Figure out how much it costs you to eat, go to movies, pay utilities, pay taxes, etc., each month. Divide that by the number of working hours in a month. Congratulations, that's your minimum hourly rate.

Get the specs in writing, as detailed as possible. Then figure out how long it will take you to develop, test, and implement the plugin as per the specs. Multiply the number of hours the project will take you times the money you need to live. That's how much you need to charge for your project. At minimum.

Get the specs in writing, and don't deviate from them unless your time suddenly is no longer valuable to you or you decide you don't need to eat. Put in writing that deviations from the specs (feature creep) will cost $X per hour additional, where $X is your hourly rate.

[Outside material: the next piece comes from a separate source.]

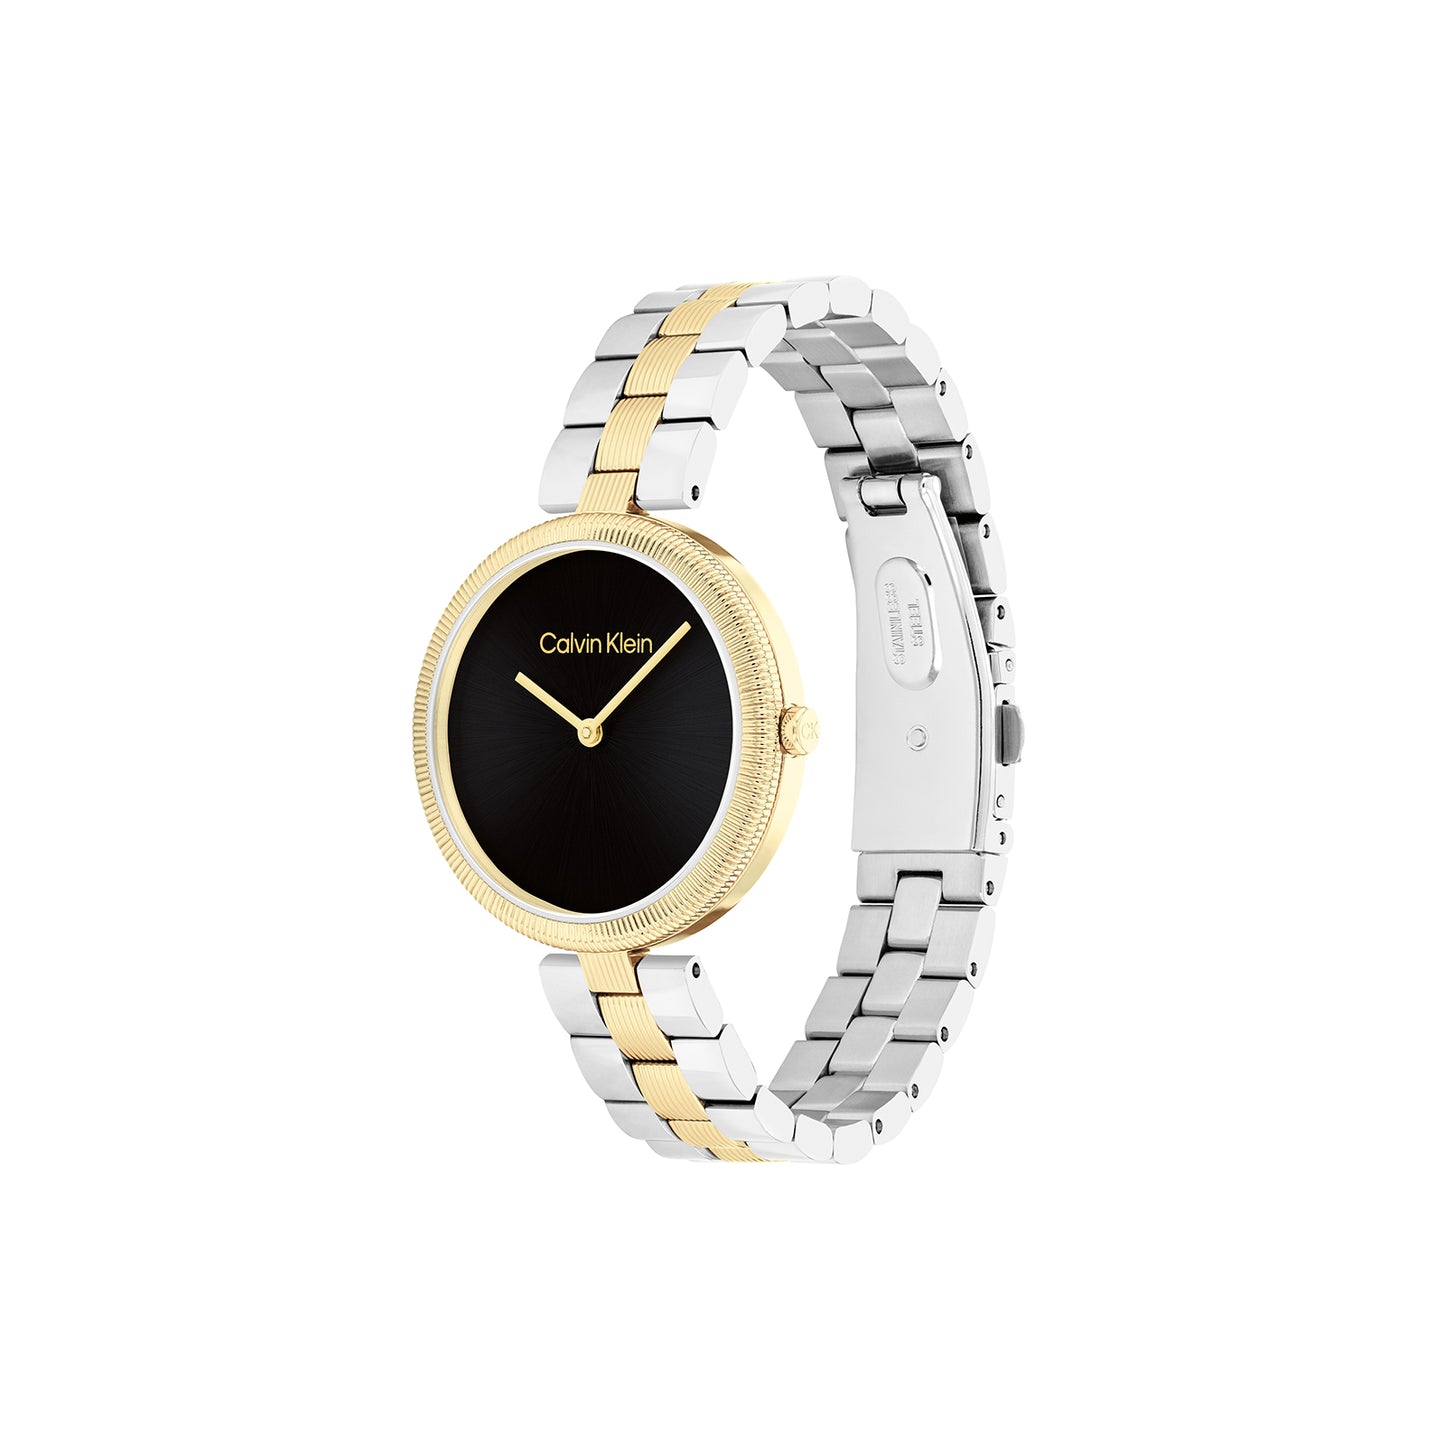 Calvin Klein 25100012 Women's Two-Tone Steel Watch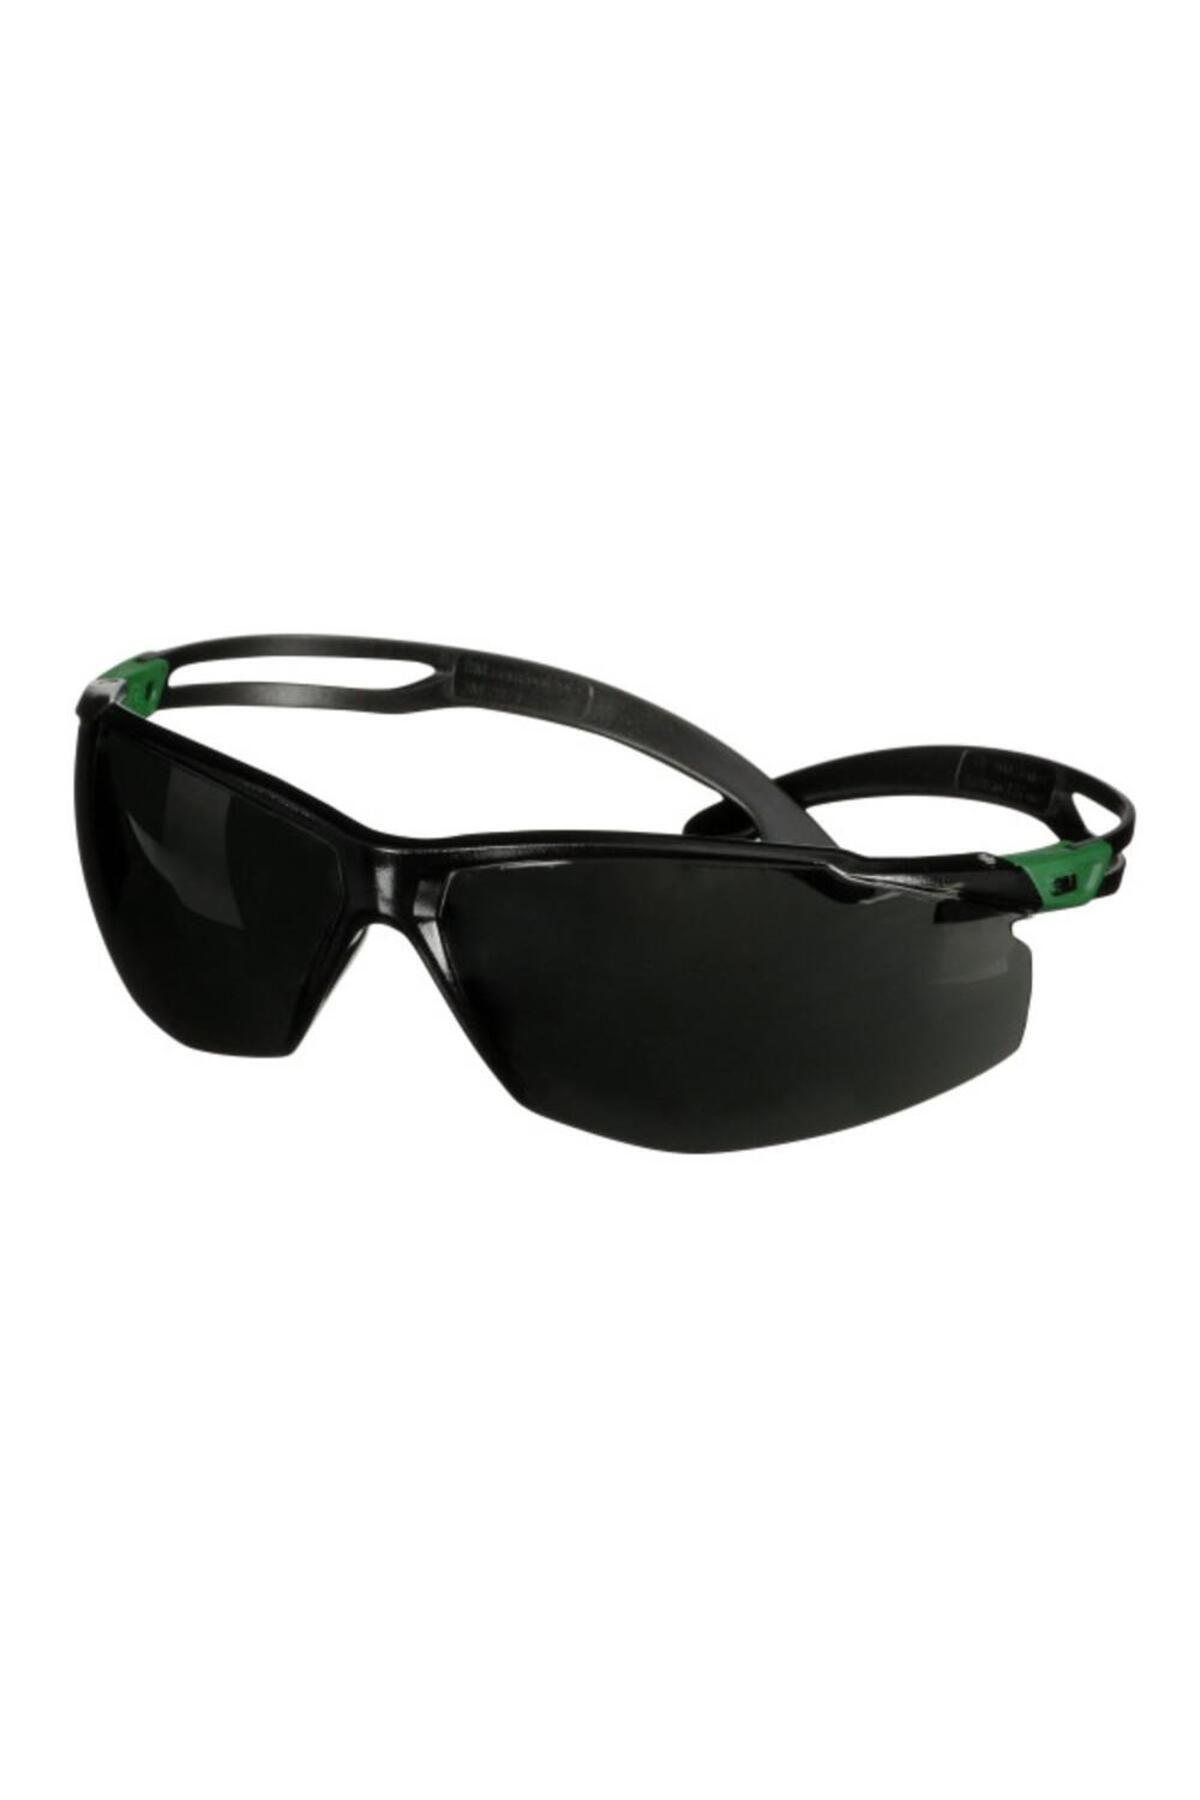 3M ™ Securefit™ 500 Yeşil/siyah Çerçeve Iş Güvenliği Gözlüğü

Keep in mind that if you're freelancing for a living, you will not have work 100% of the time, so your hourly rate will need to encompass the amount of time it takes you to find more work and close a sale. So if you're doing this for a living, go back to the first paragraph and add in the average amount of time it will take you to find work and close a contract, then add that to your hourly rate. That's why many freelancers and contractors will charge less for regular clients or for retainers; they can afford to because they don't have to spend extra time finding the work and negotiating the fees.

Also note that there are other people who will charge less than you. If you enjoy your current standard of living, do not compete on price, compete on quality and reputation. So let other people charge less, and make sure your work is good and that you meet deadlines.